● **EXERCISE**
The listing below must be returned in full and unchanged, without the images it carries.

Segment Start: DATA PROVIDED

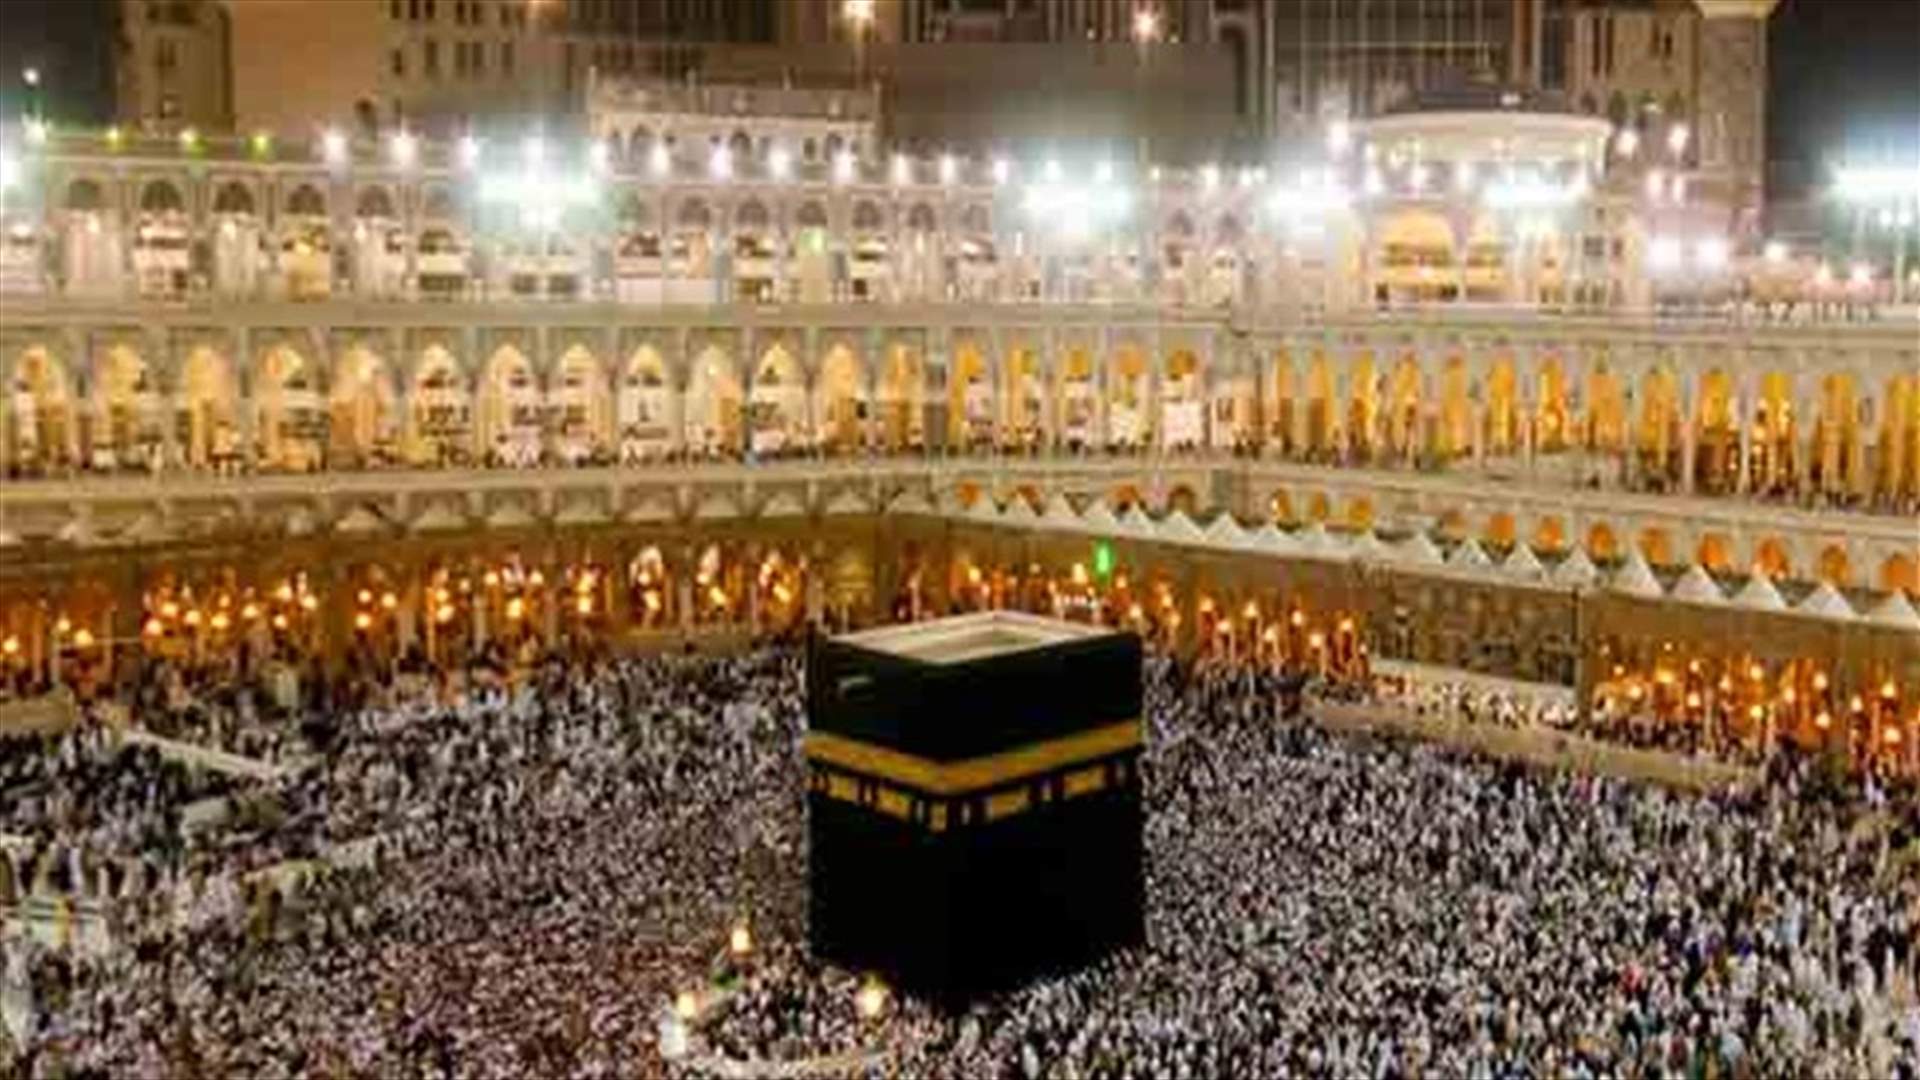 Iran says its pilgrims will not attend haj in Saudi Arabia
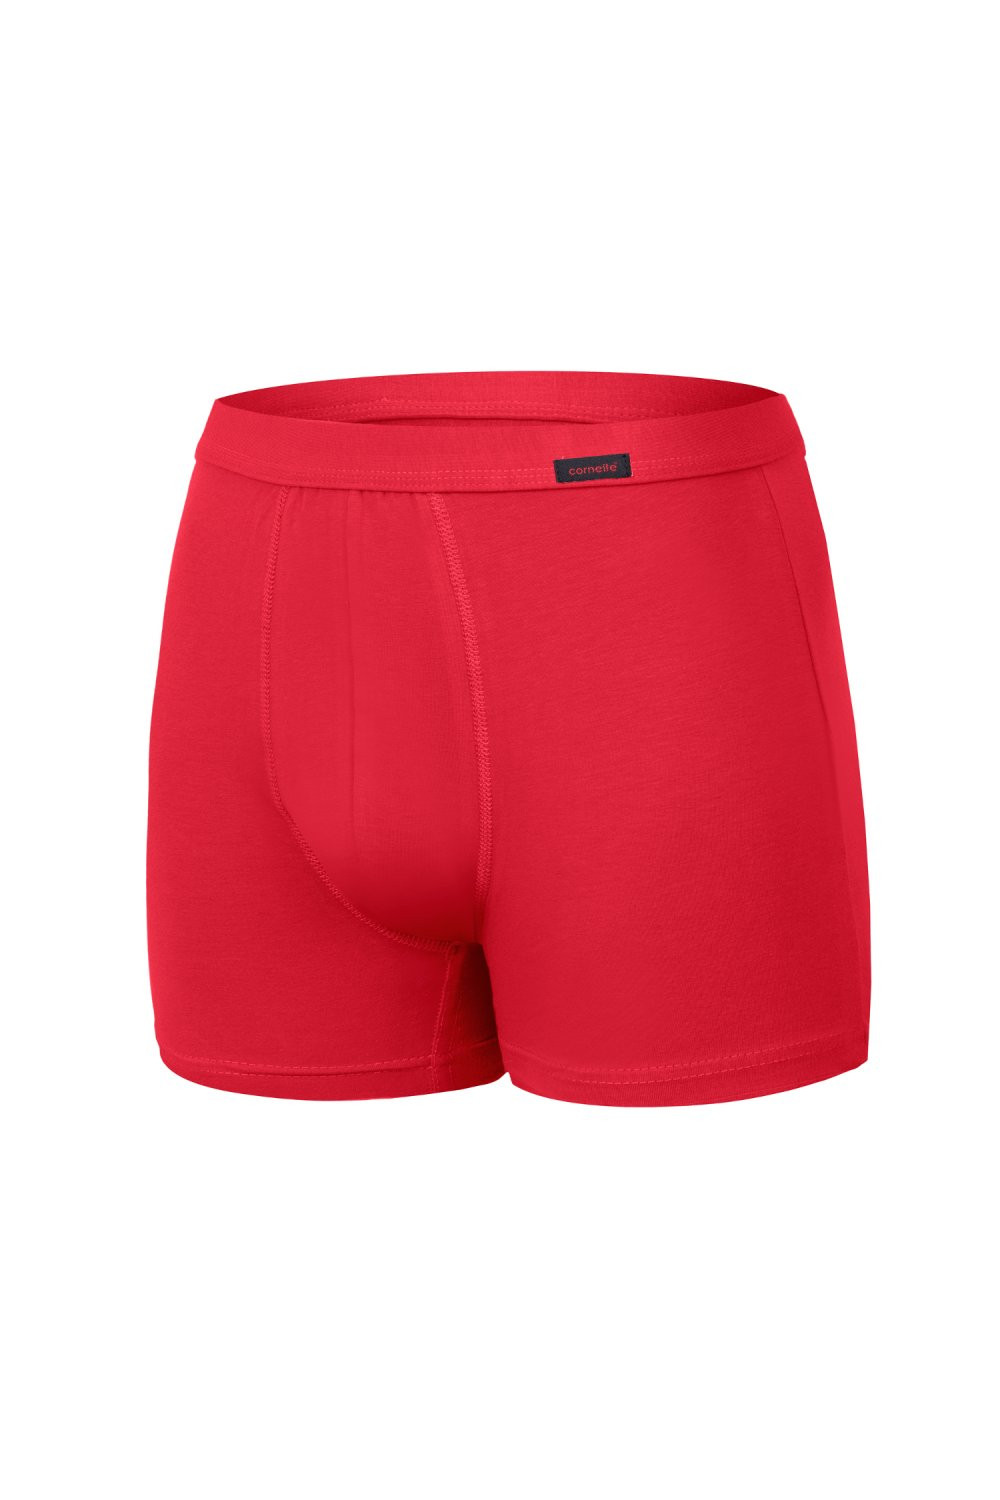 Pánské boxerky 220 red - CORNETTE Červená XL
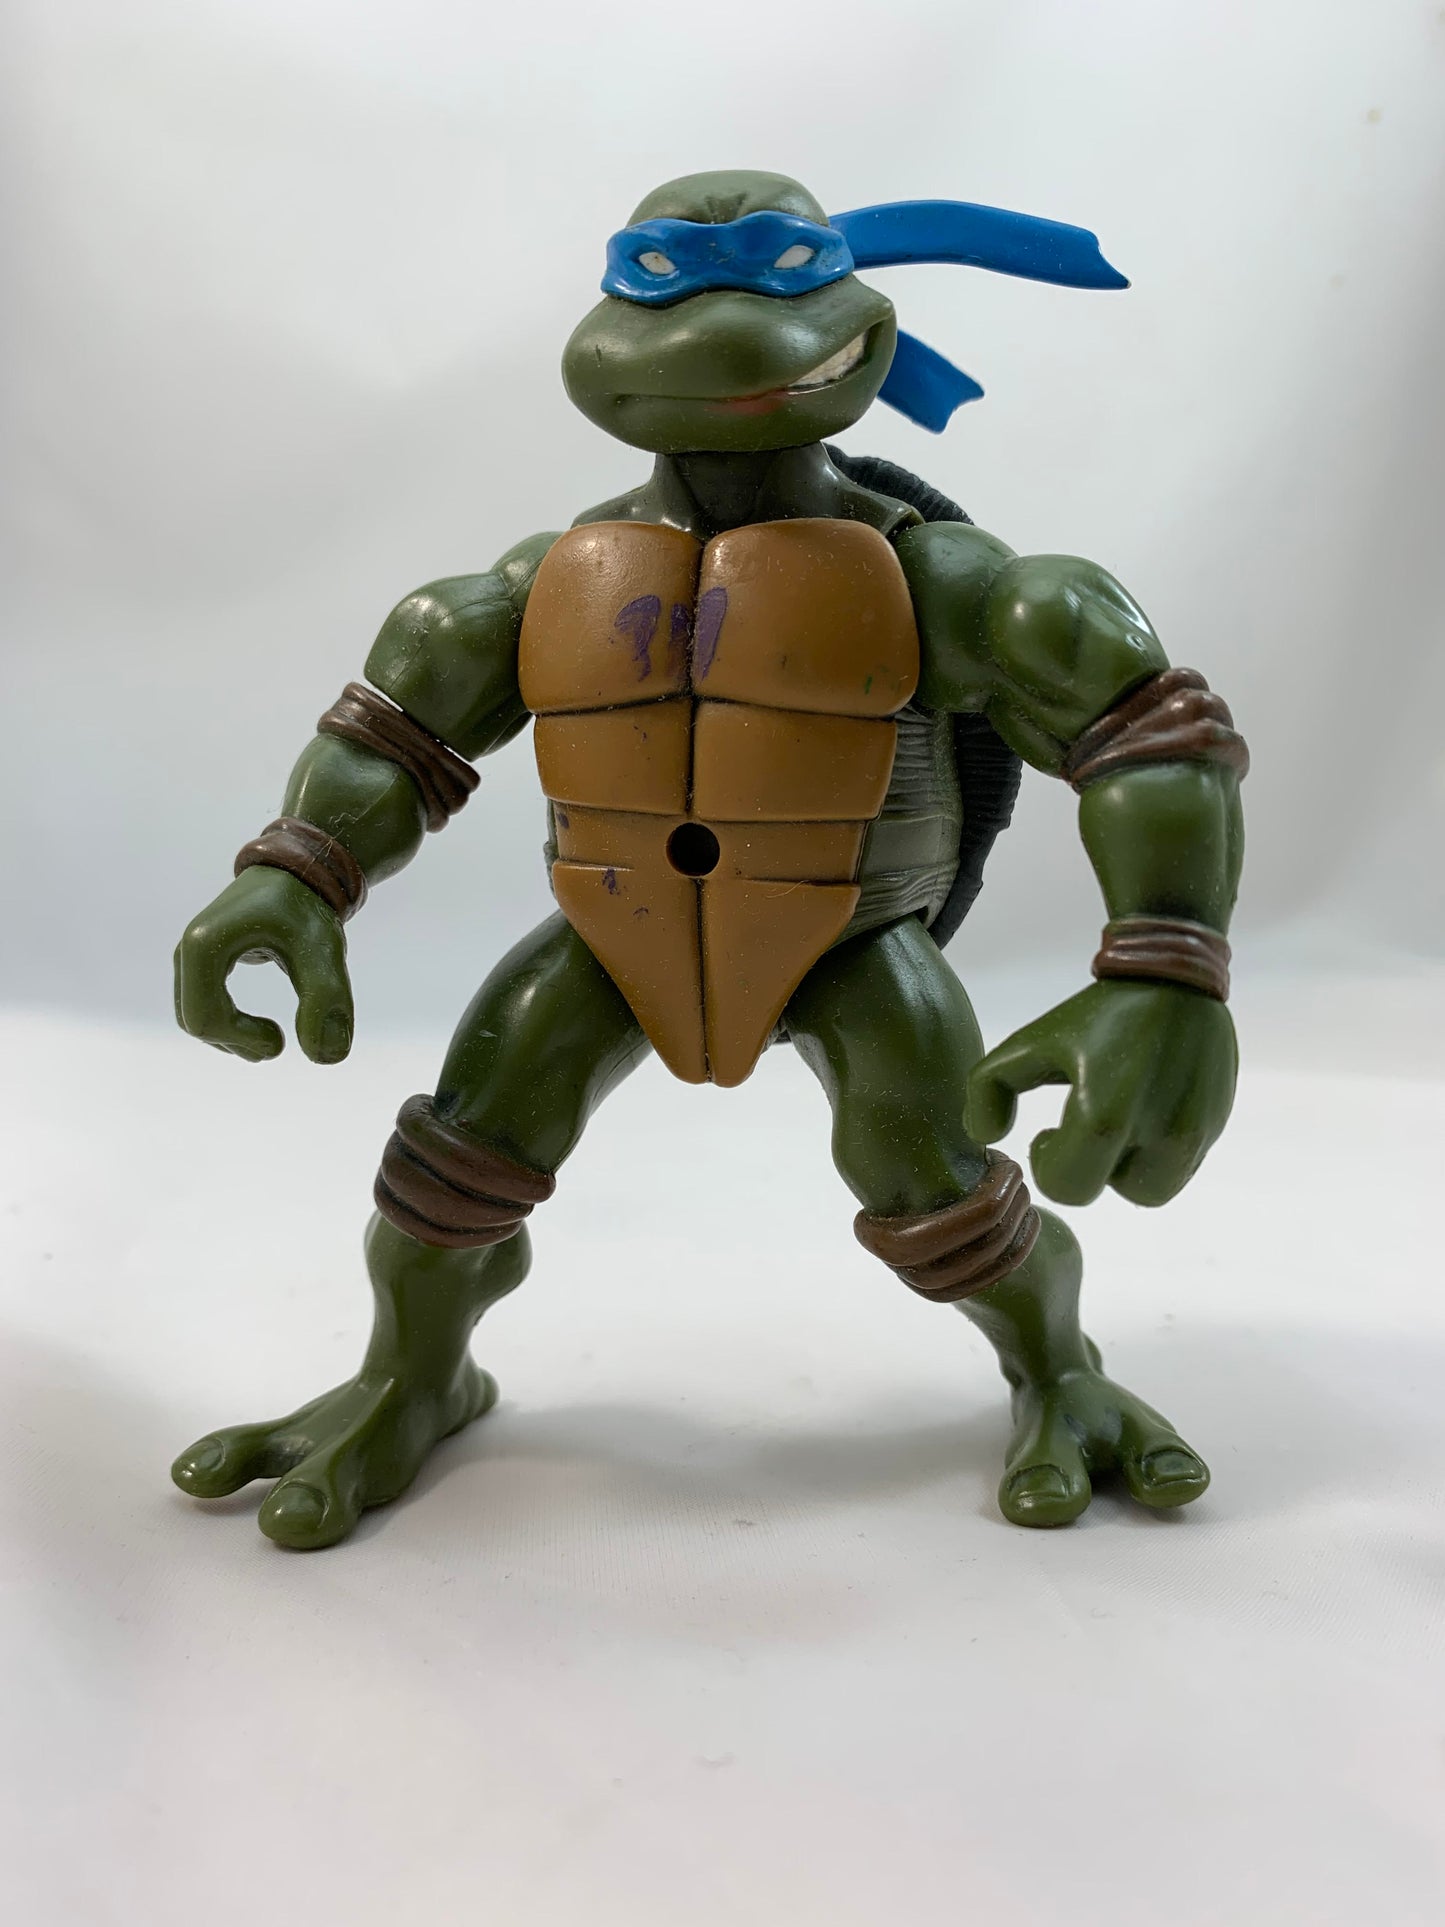 Playmates Teenage Mutant Ninja Turtles TMNT LEONARDO 2003 - Loose

Segment End: DATA PROVIDED

● **PROBLEM SOLUTION**
 Iran says its pilgrims will not attend haj in Saudi Arabia
 Pánské boxerky 220 red - CORNETTE Červená XL
 Playmates Teenage Mutant Ninja Turtles TMNT LEONARDO 2003 - Loose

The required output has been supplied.